# Mini Alexa (2020) Made in UK or China?



## AngelYuki

Hi,

For those who bought the new Mini Alexa, can you confirm the made in location? 
The new Alexa is marketed as made in their carbon neutral UK factories with sustainably sourced leathers.
I noticed the other sizes say it's made in UK, but the mini doesn't list the made in location.

Thanks in advance!


----------



## iwantahermes

It's made in China


----------



## FIFISCORPIOLADY

My mini is made in China


----------



## Katinahat

FIFISCORPIOLADY said:


> My mini is made in China


Yes, mine too. But I don’t see any quality issues compared to my UK mulberry bags.


----------



## Jaime

Glad I found this I hadn't even thought about it. Was about to pull the trigger on a mini I had an old regular alexa and os but sold long ago I'd love a mini or regular again but not going to pay more for ones made on the cheap in China. The regular I paid less than half the price now of a mini for and it was made in UK fab quality. 
Such a shame.


----------



## MiniMabel

Jaime said:


> Glad I found this I hadn't even thought about it. Was about to pull the trigger on a mini I had an old regular alexa and os but sold long ago I'd love a mini or regular again but not going to pay more for ones made on the cheap in China. The regular I paid less than half the price now of a mini for and it was made in UK fab quality.
> Such a shame.




You can always ask the seller to check the "Made In" label.

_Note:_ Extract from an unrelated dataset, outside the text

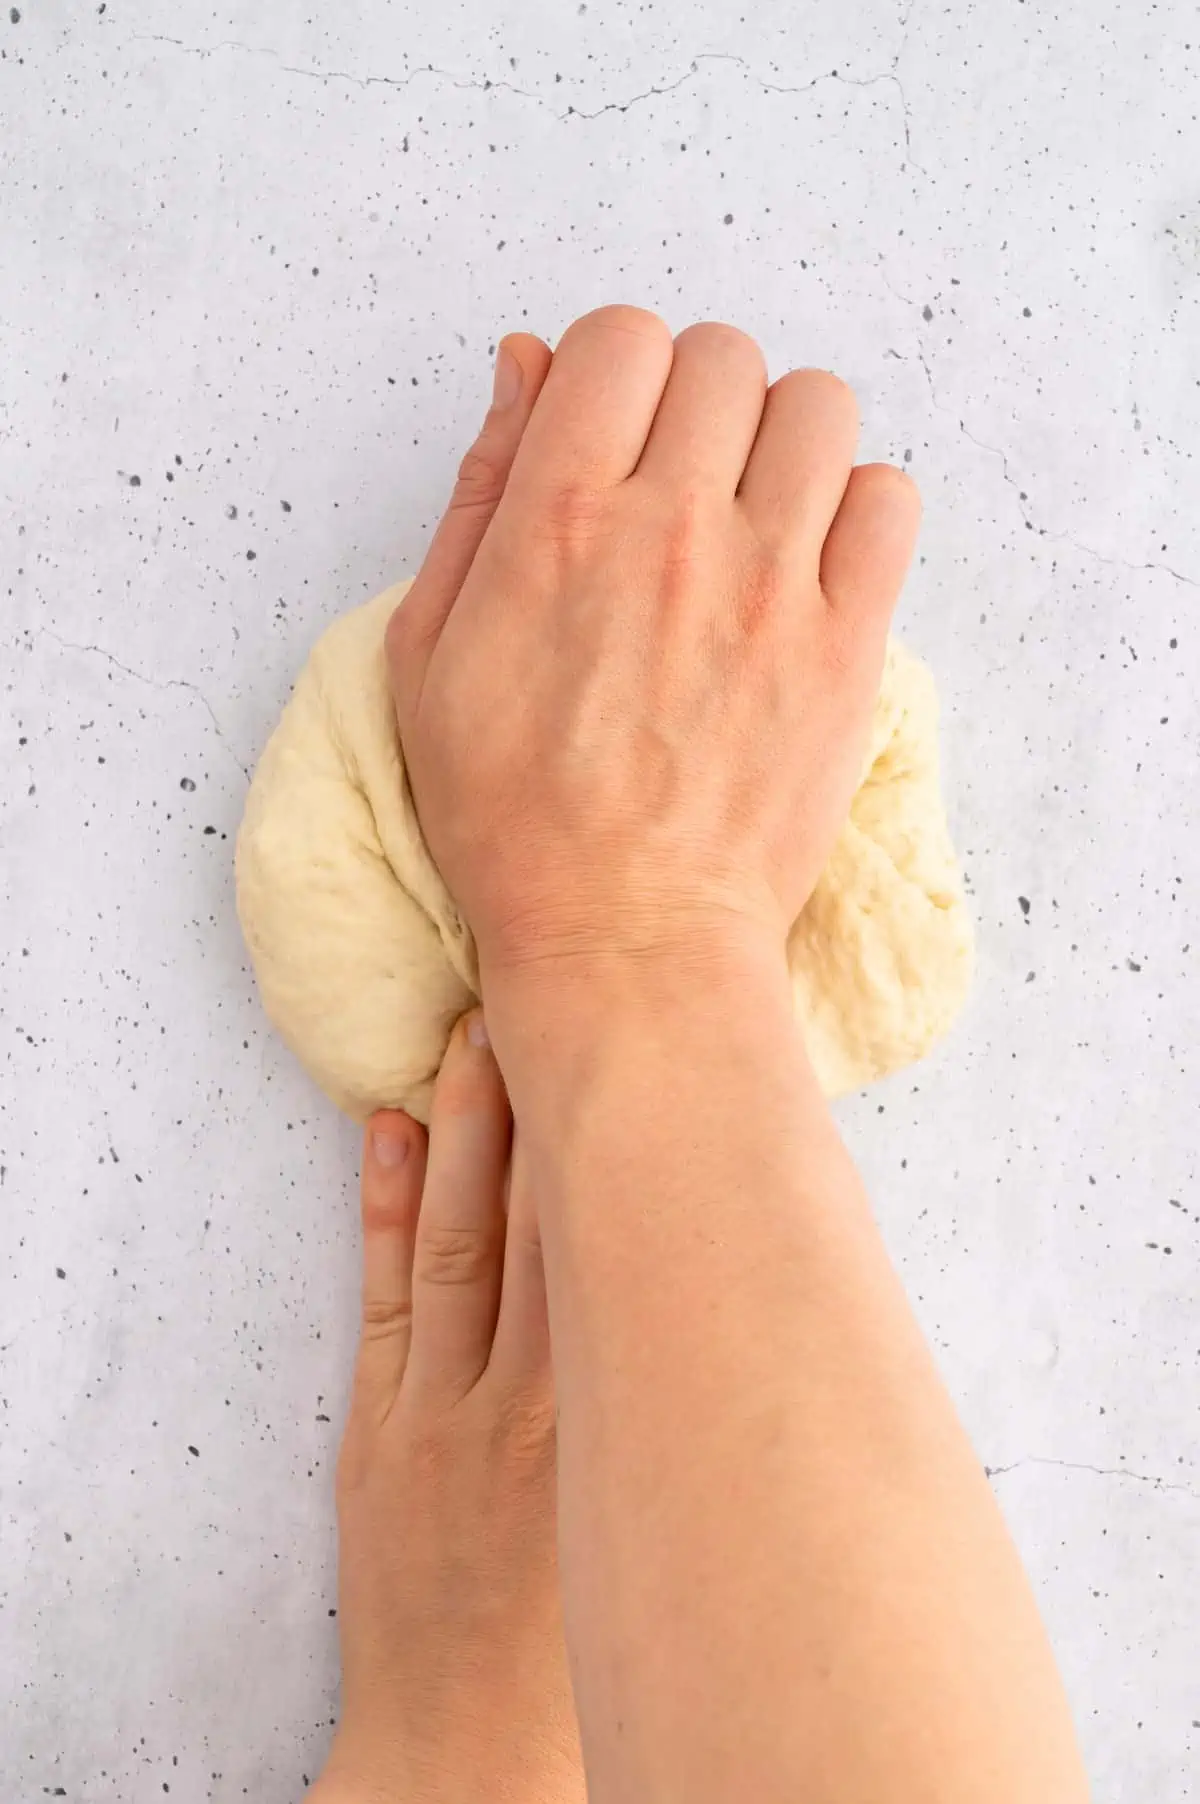 Pesto bread dough being kneaded.

As Katinahat says, there is no difference in quality.  My understanding is that final quality control is done in the UK.

Most companies outsource to China, it's nothing new or unusual nowadays.


----------



## Ineedanewhandbag

Mine are both made in China


----------



## Jaime

MiniMabel said:


> You can always ask the seller to check the "Made In" label.
> 
> As Katinahat says, there is no difference in quality.  My understanding is that final quality control is done in the UK.
> 
> Most companies outsource to China, it's nothing new or unusual nowadays.


I was going to buy from a store but it says made in UK on the details. So I went to mulberry website and asked where they're made over live chat and they said all made in China.

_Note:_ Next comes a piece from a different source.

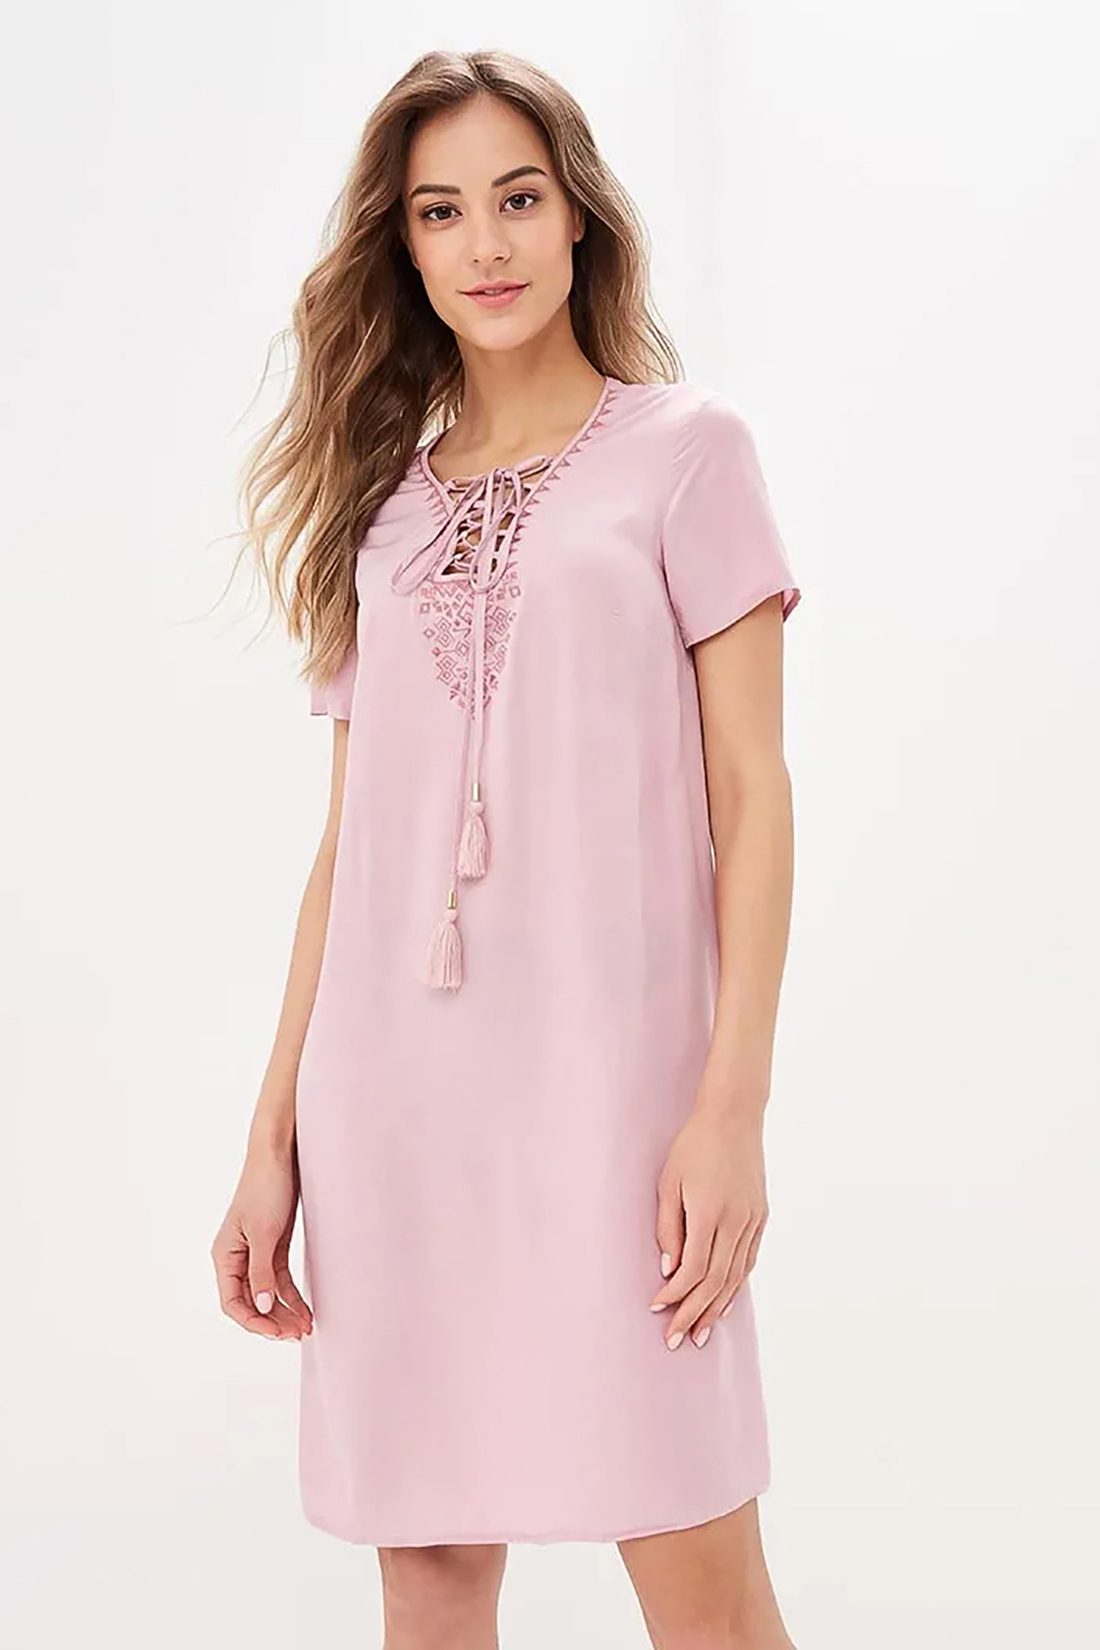 Платье со шнуровкой (арт. baon B459035), размер XS, цвет розовый Платье со шнуровкой (арт. baon B459035) - фото 3

Yes most companies do outsource to China but it's to cut costs while they charge more for the end product. I just have a thing about luxury brands that were known for quality made in their country of origin to then go the cheaper route. Really regret letting go of my original Alexas.

I was keen on the meadow green because I thought it looked like a nice yellow but then saw the name and realised it probably does have a lime tinge to it so will pass anyway. Maybe I'll get one super cheap which I'd do but not paying the retail.


----------